Según un informe de la Fundación Ellen MacArthur, la producción de prendas nuevas genera el 10% de las emisiones globales de CO₂. Frente a esto, el intercambio, la reparación y la reventa de ropa se consolidan como alternativas reales. En ciudades como Barcelona y Madrid ya existen mercados permanentes de moda vintage donde la comunidad intercambia prendas con la misma ilusión que antes se compraba en grandes almacenes.

“Comprar menos, elegir mejor y hacer que dure más. Ese es el lema de la generación que está redefiniendo el consumo textil.”

El minimalismo en el hogar también se extiende al armario. Cada vez más personas aplican la regla de “una prenda que entra, una que sale” y priorizan tejidos orgánicos o reciclados. La reducción de plásticos en la vida cotidiana encuentra aquí un aliado: las fibras sintéticas liberan microplásticos en cada lavado, por lo que optar por algodón, lino o tencel se vuelve un acto de coherencia ambiental.

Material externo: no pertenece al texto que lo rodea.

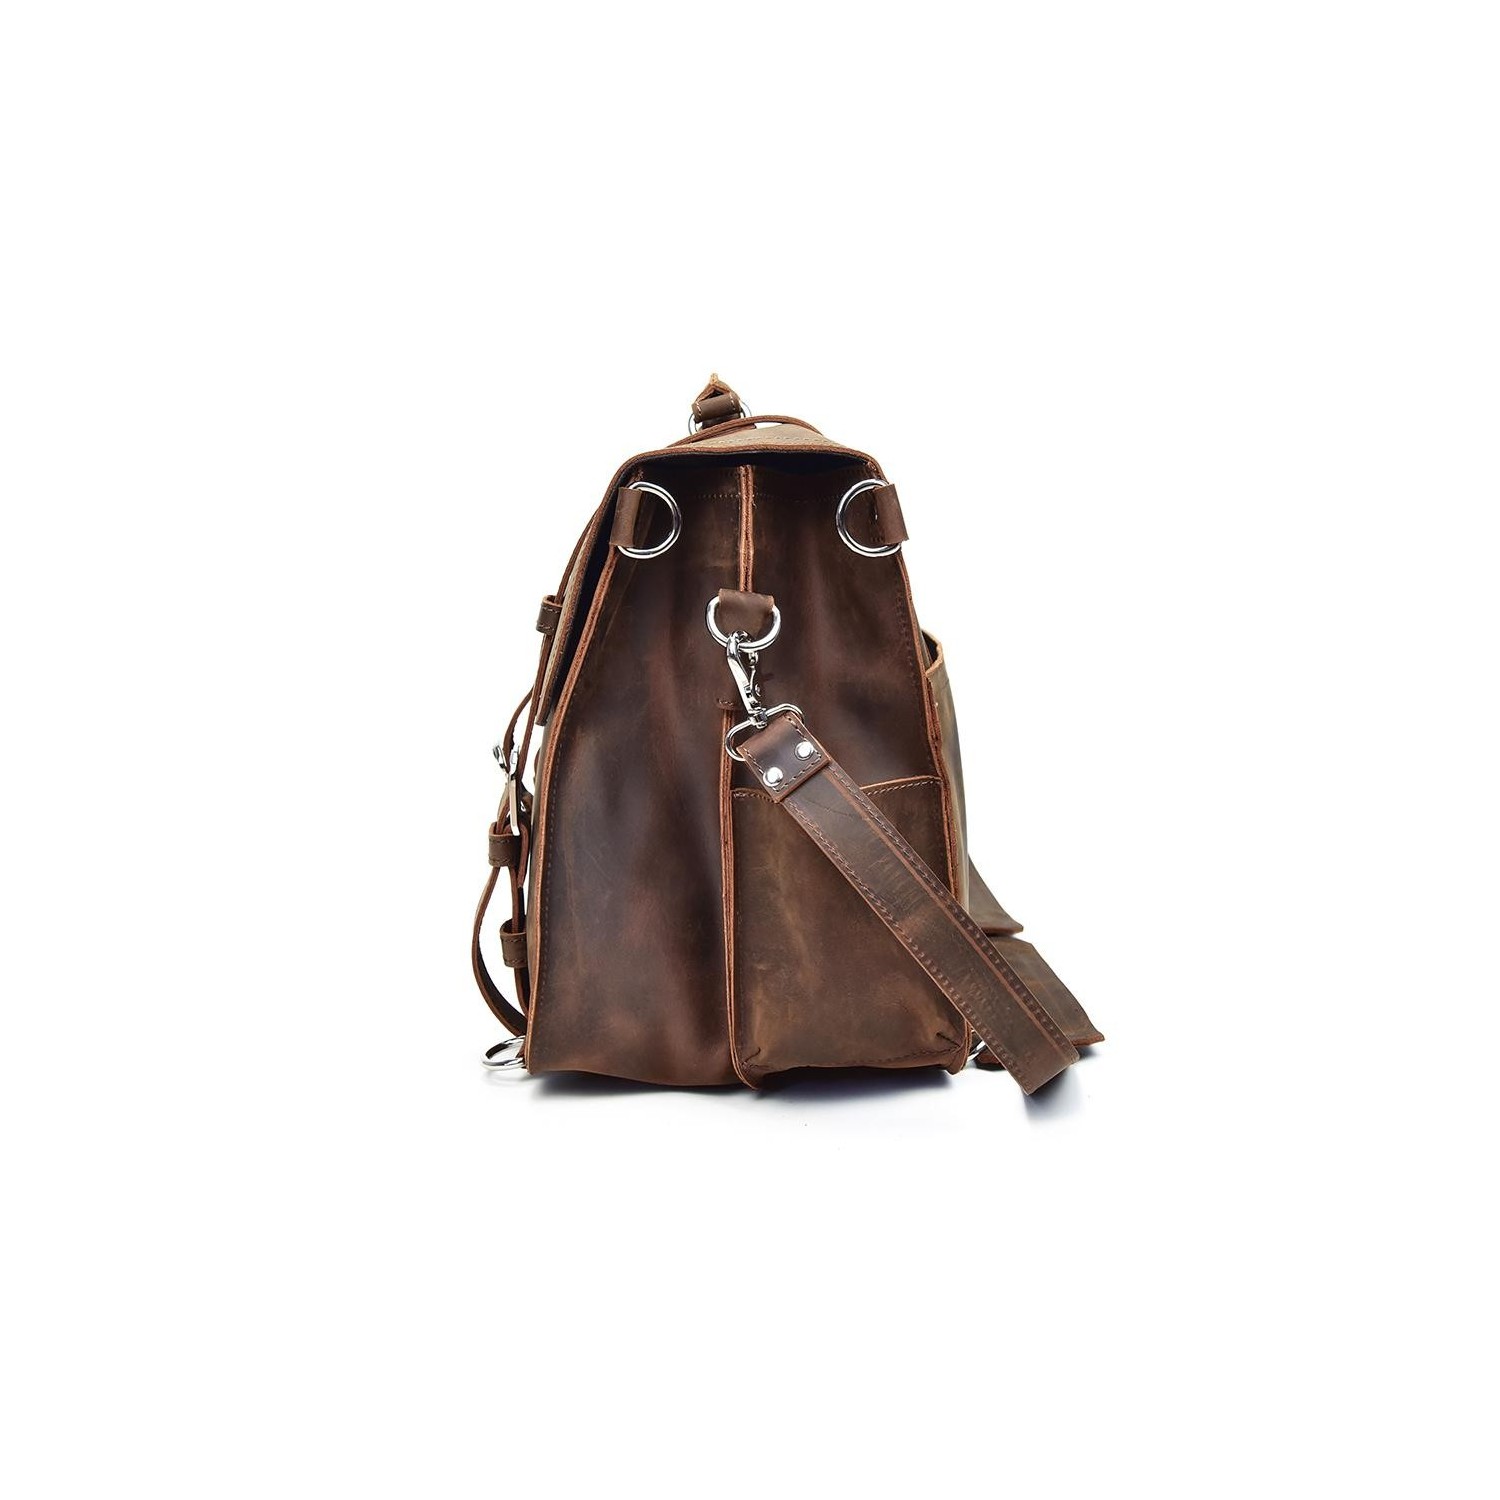 The Gustav Messenger Bag  Large Capacity Vintage Leather Messenger Ba

El voluntariado ambiental también se cuela en la moda: proyectos como “Ropa con alma” organizan talleres de costura para reparar prendas y donarlas a personas en situación de vulnerabilidad. Una forma de ocio que conecta con la naturaleza y con la comunidad, demostrando que los pequeños cambios en los hábitos de consumo están transformando las ciudades hacia modelos más verdes.